The Circus brings me back to the Chaplin–Keaton debate, in part because it is most like Keaton’s work in its lack of pretense—and because the monkey sequence is as fine as anything Keaton did in blending thrills and comedy. Buster had no philosophical ambitions. He wanted only to make funny films, and as a constructor of gag sequences he was every bit Chaplin’s equal. In recent times, as I said, critical opinion has shifted to Keaton as the greater artist—I believe this is because we now have a far larger taste for the austere than we formerly had. There is also the contrast between their off-screen fates. Chaplin had his troubles, of course, most of them political, but none of them threatened his prosperity or his high regard in critical circles. Keaton, however, was felled by drink and by his careless embrace of sound. (He did not play on his exceptionalism as Chaplin did.) Somehow people eventually could relate to his problems more readily than they could to Chaplin’s, which finally eased his path back to grace.
I think this dispute is feckless; they are both great and immortal artists of entirely different stripes. I’ll conce
de that Keaton is the more likable human being. But still, of all the stars of the silent screen, they require the least explanation. If you see a film by either one of them with an audience, he owns the room completely. Our laughter is complete and direct; you forget, as you rarely do with other actors of that era, that they are not talking. And in their silence they achieve that “universality” that Griffith believed was the silent cinema’s supreme virtue.
If, though, Chaplin and Keaton are doomed to be twinned through the ages, we must be careful to preserve their obvious contrasts. Chaplin was, supremely, an actor. He was, putting it simply, working, working, working all the time—decorating the main line of his gag sequences with throwaway bits by the dozen. You might not even notice all of them until you return to the film for further study. Keaton, by contrast, was a study in stillness. That does not mean, obviously, that he was inactive. Far from it. He was as lively as a cricket or a water bug, devising his escapes from a world that was, in its way, innocently—but constantly—malevolent. The point, however, was that Keaton could never show a facial reaction to his troubles—the great poker face and all that. That was the whole joke, the only joke.

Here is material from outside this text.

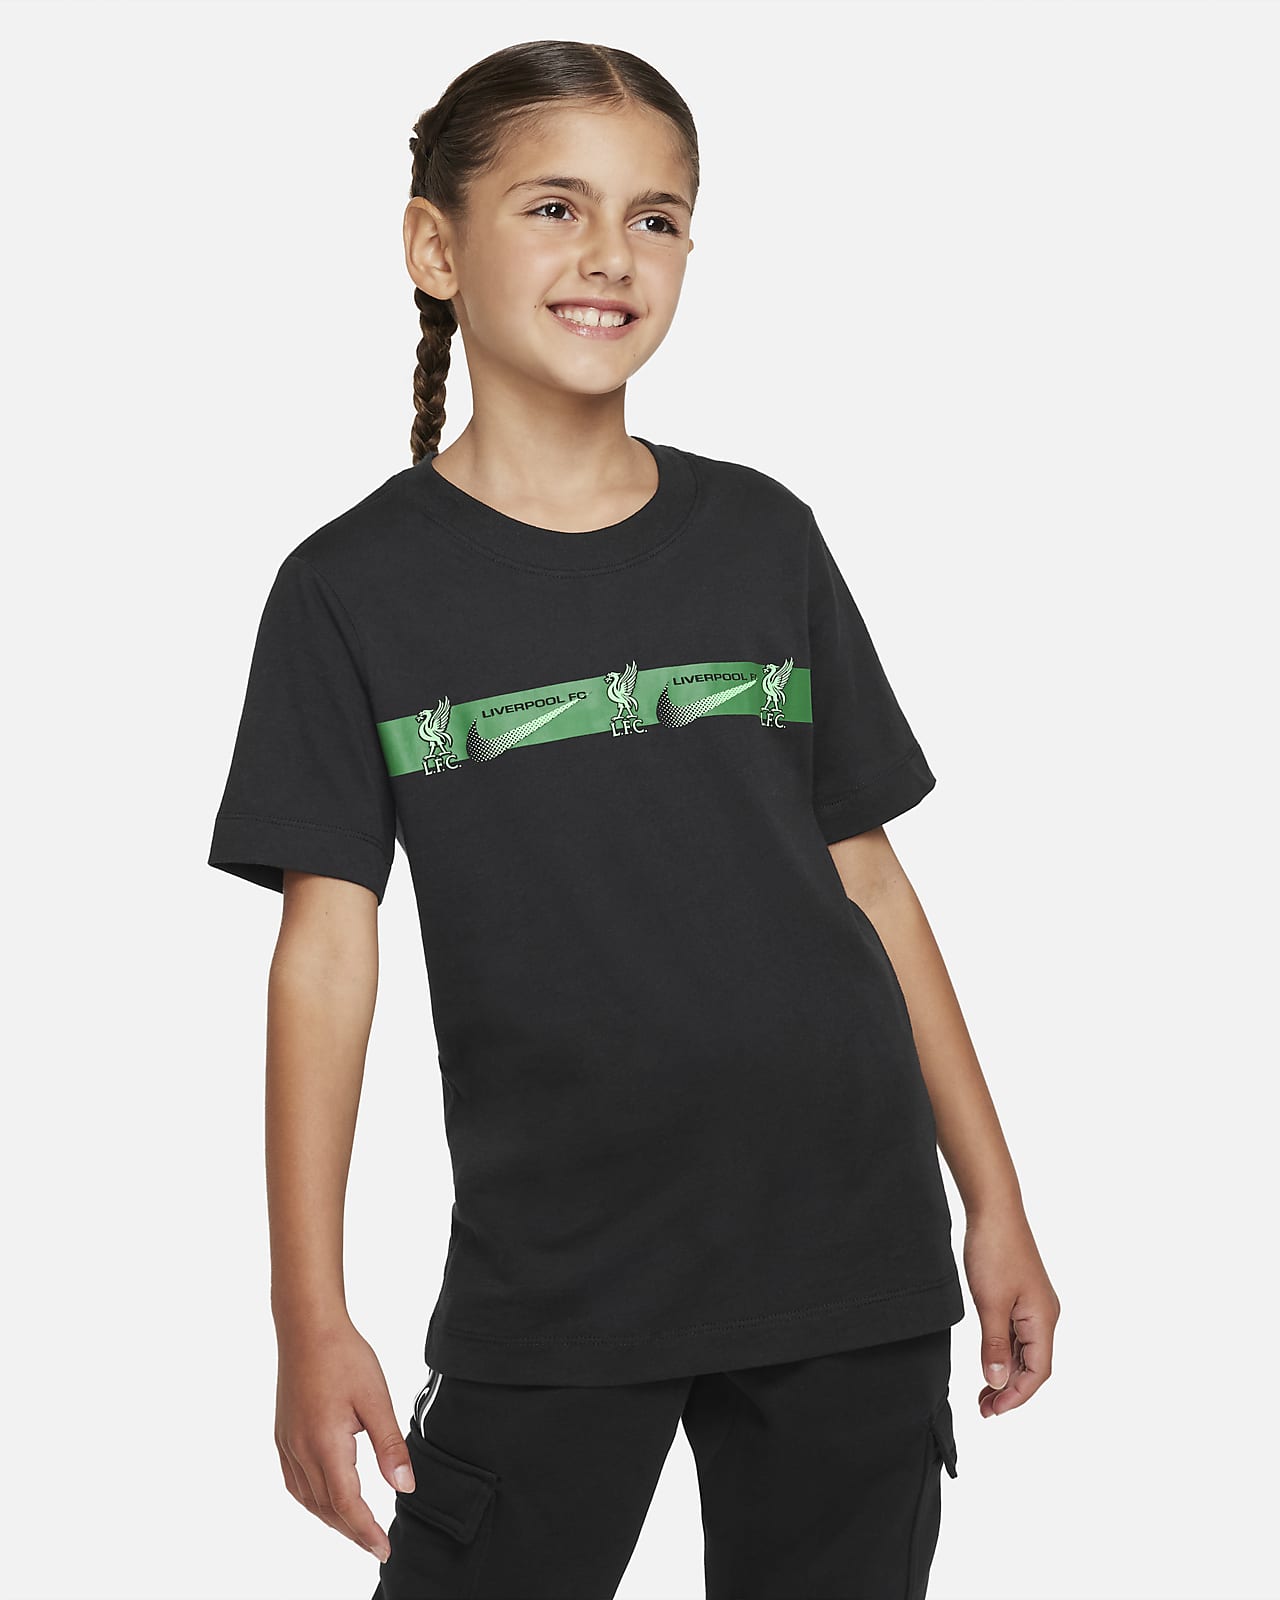 Liverpool FC Nike Fußball-T-Shirt für ältere Kinder

Imagine a career of this magnitude built on variants on a single gag. It is one of the things that commends him to us today. He seems to be doing more with less than Chaplin ever dreamed of, and we respond to that, particularly since he so expertly avoids the merely mechanical in his work. Something of the Victorian always clings to Chaplin. Something of onrushing modernism, not yet fully defined, drives Keaton. There’s an irony in that. Chaplin had obvious pretenses to intellectualism; Keaton had none. But yet he was an intellectual of sorts, in that he was the one working the big theme—modernism and its discontents—while Chaplin (Modern Times aside) did not have a great deal to say on that topic.